**Try it:** Your task is to transcribe the lines from the start of the data below through the line containing "Portale d'ingresso al", inclusive, exactly as they stand and without the pictures.

**Supplied records:**

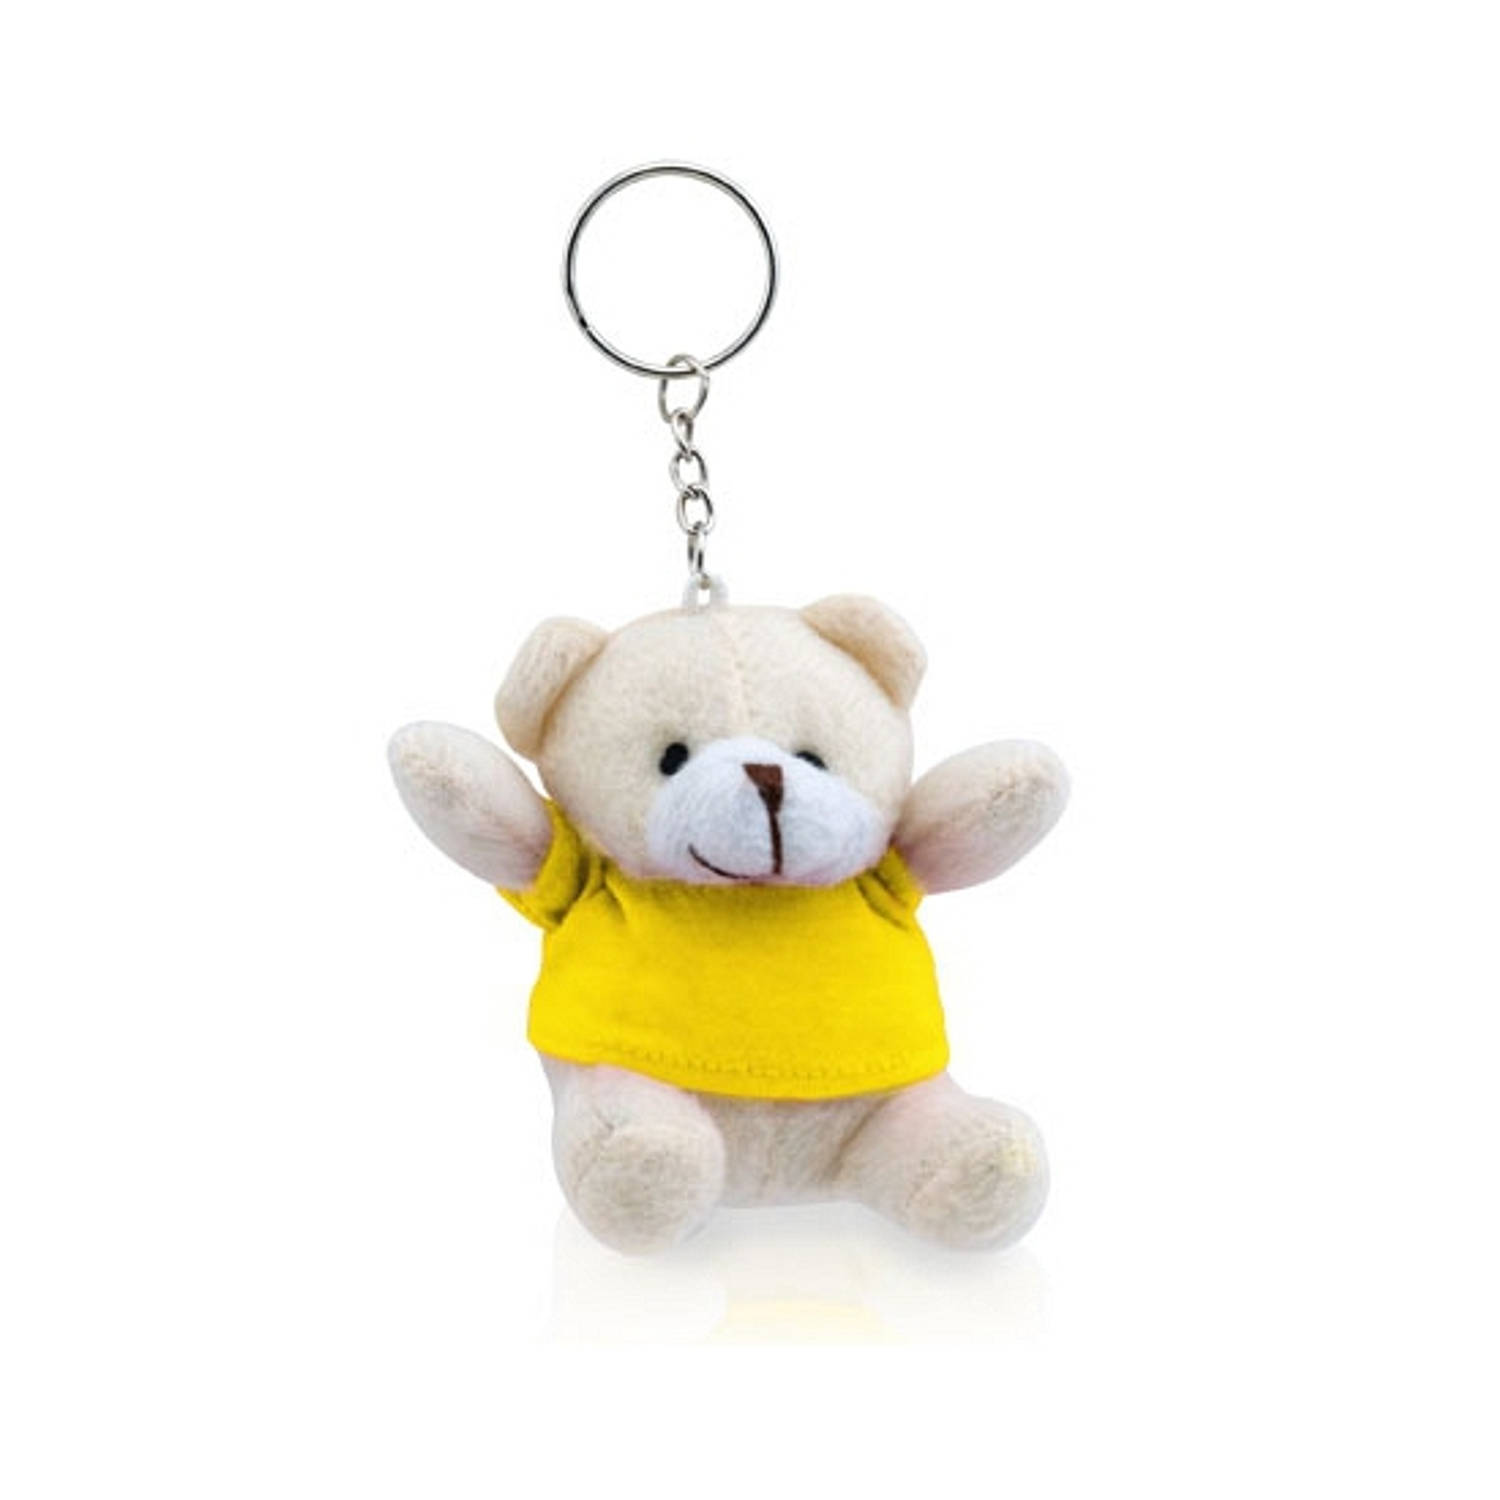 Pluche Teddybeer Knuffel Sleutelhanger Geel 8 Cm Beren Dieren Sleutelhangers Speelgoed Voor Kinderen
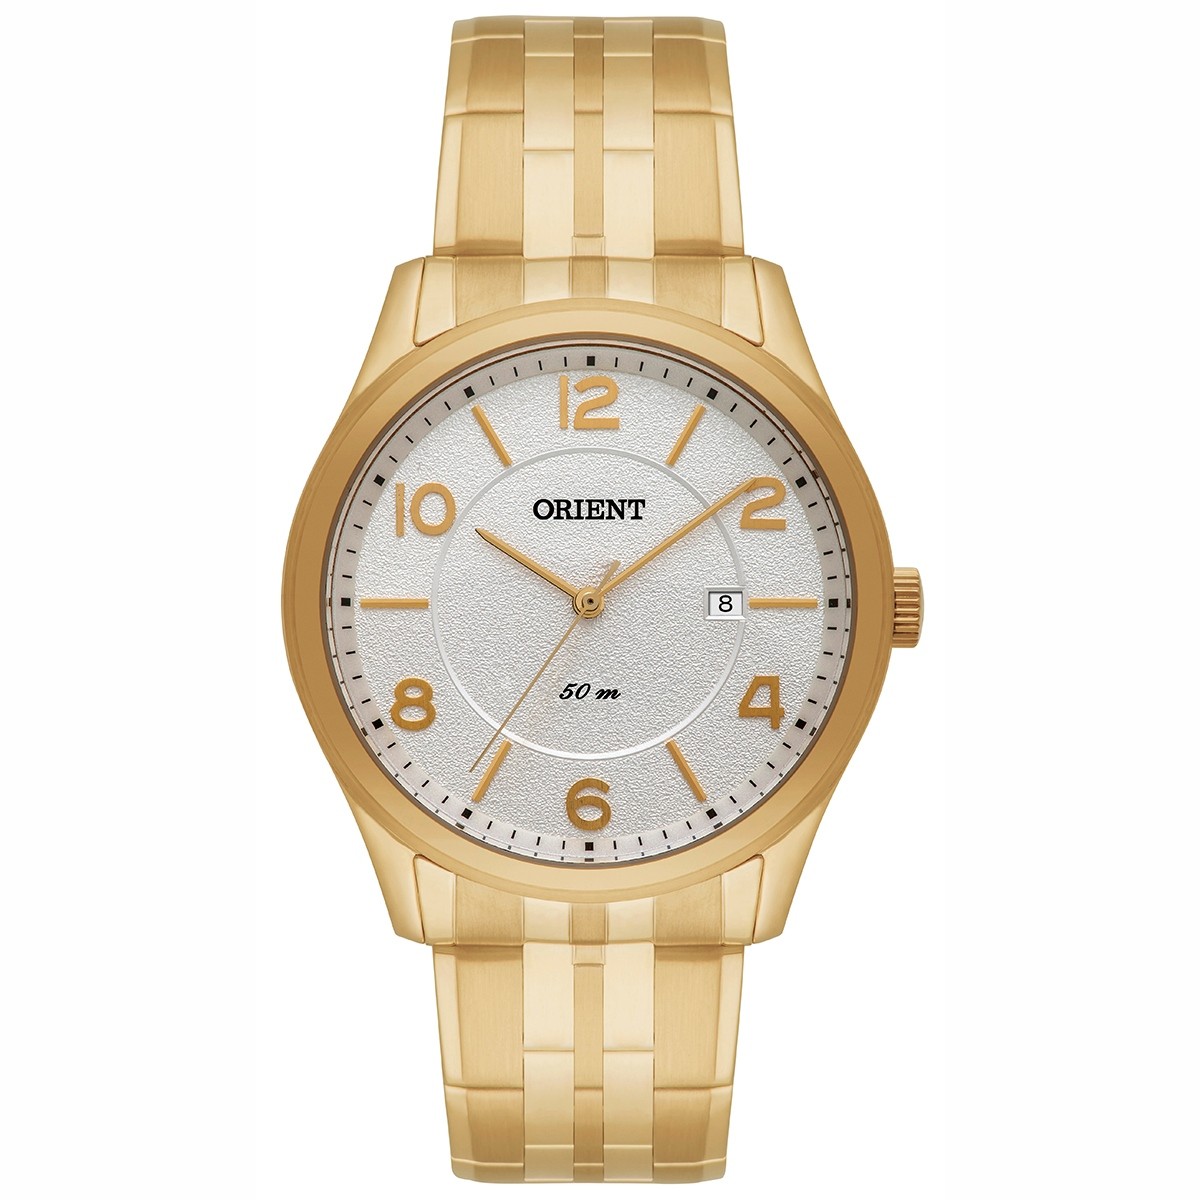 Relógio Orient Masculino Analógico Dourado MGSS1093 B2KX
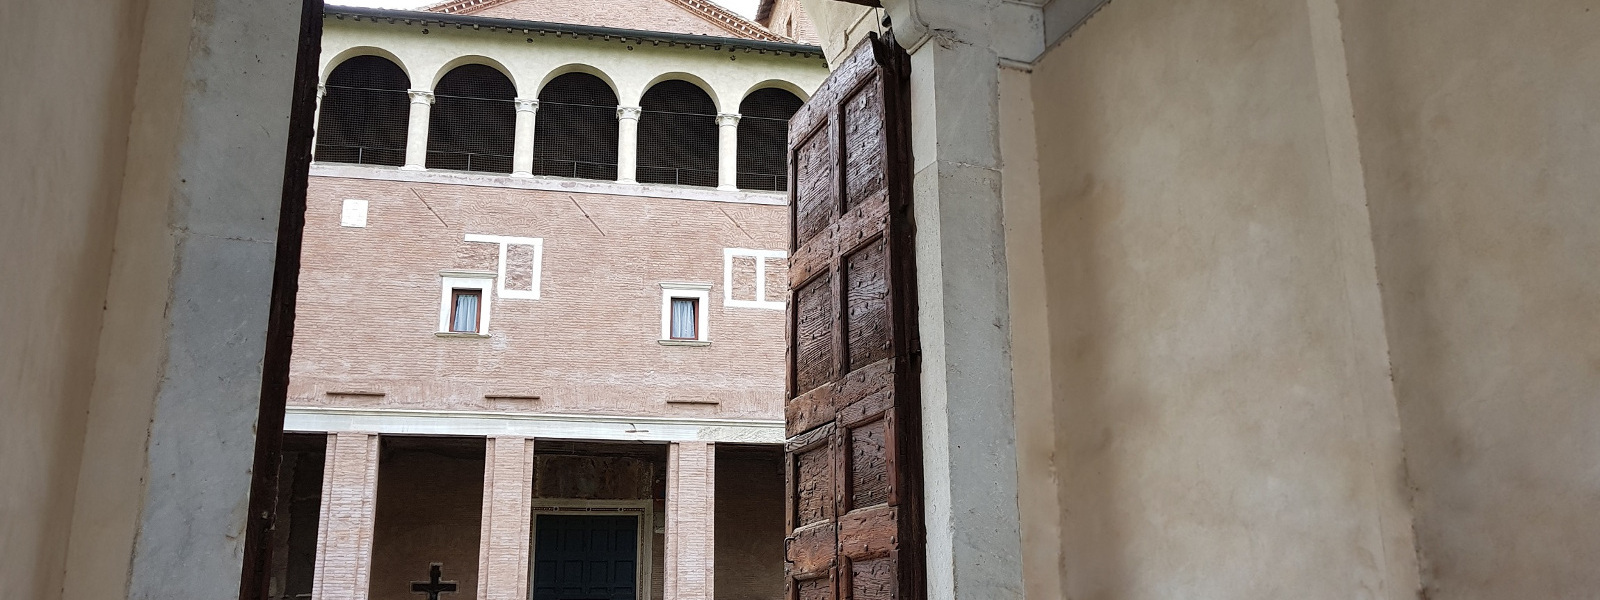 Portale d'ingresso al cortile della Basilica di san Saba sull'Aventino minore, Roma
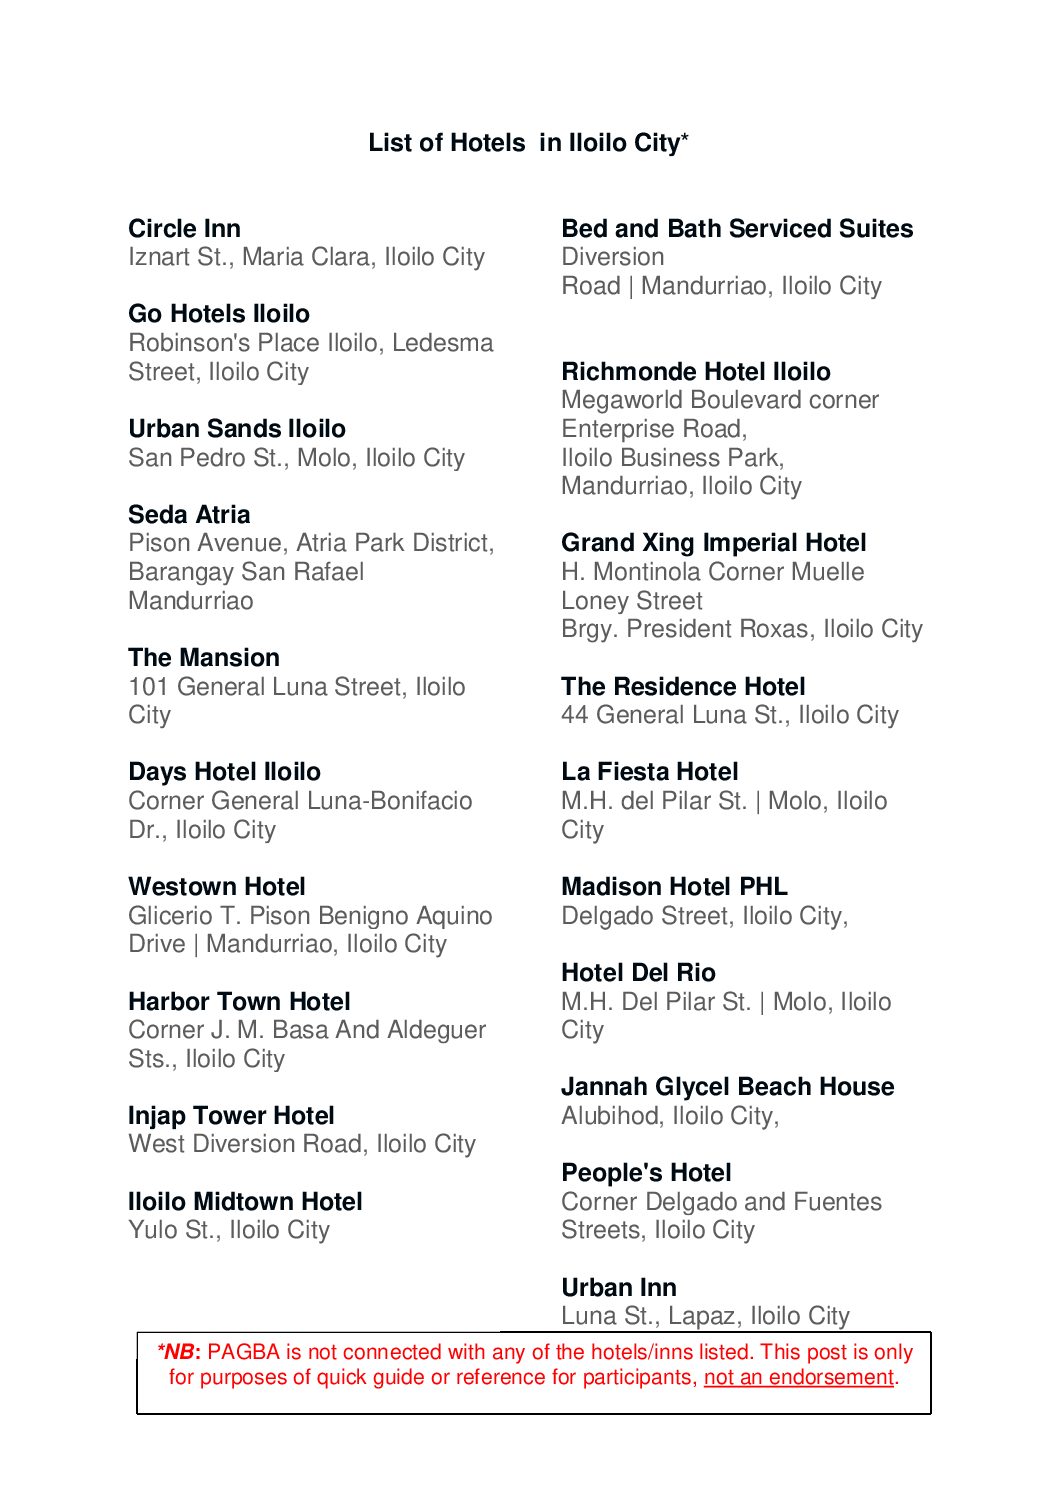 List of Hotels/Inns in Iloilo City
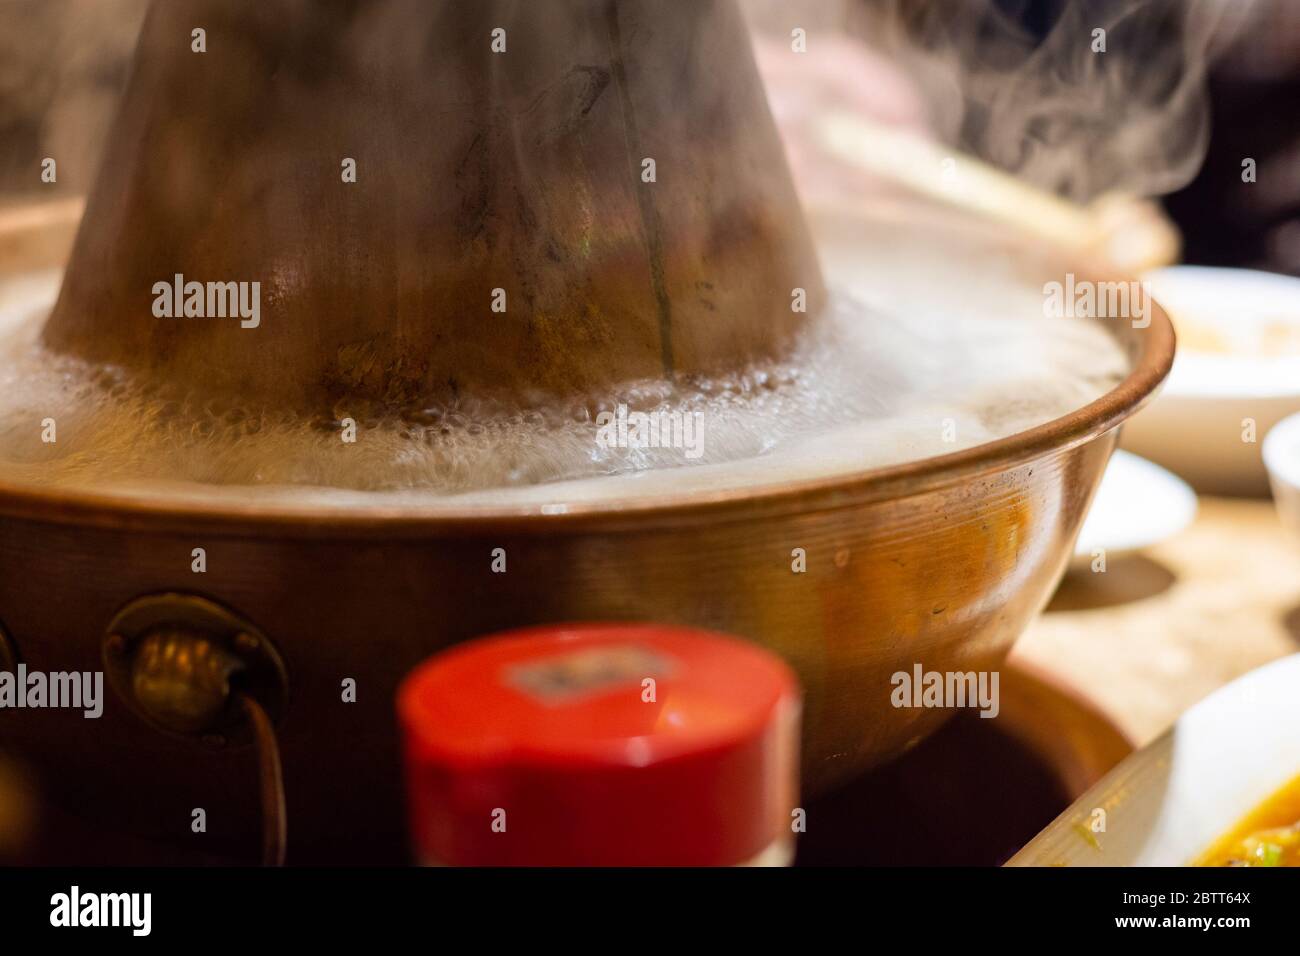 Tradizionale Beijing stile cinese carbone-riscaldato pentola con una ciambella di ottone a forma di ciambella. Posto al centro del tavolo da pranzo, ingredienti freschi e crudi Foto Stock

**Output for this exercise:**
 Pluche Teddybeer Knuffel Sleutelhanger Geel 8 Cm Beren Dieren Sleutelhangers Speelgoed Voor Kinderen
 Relógio Orient Masculino Analógico Dourado MGSS1093 B2KX
 Portale d'ingresso al cortile della Basilica di san Saba sull'Aventino minore, Roma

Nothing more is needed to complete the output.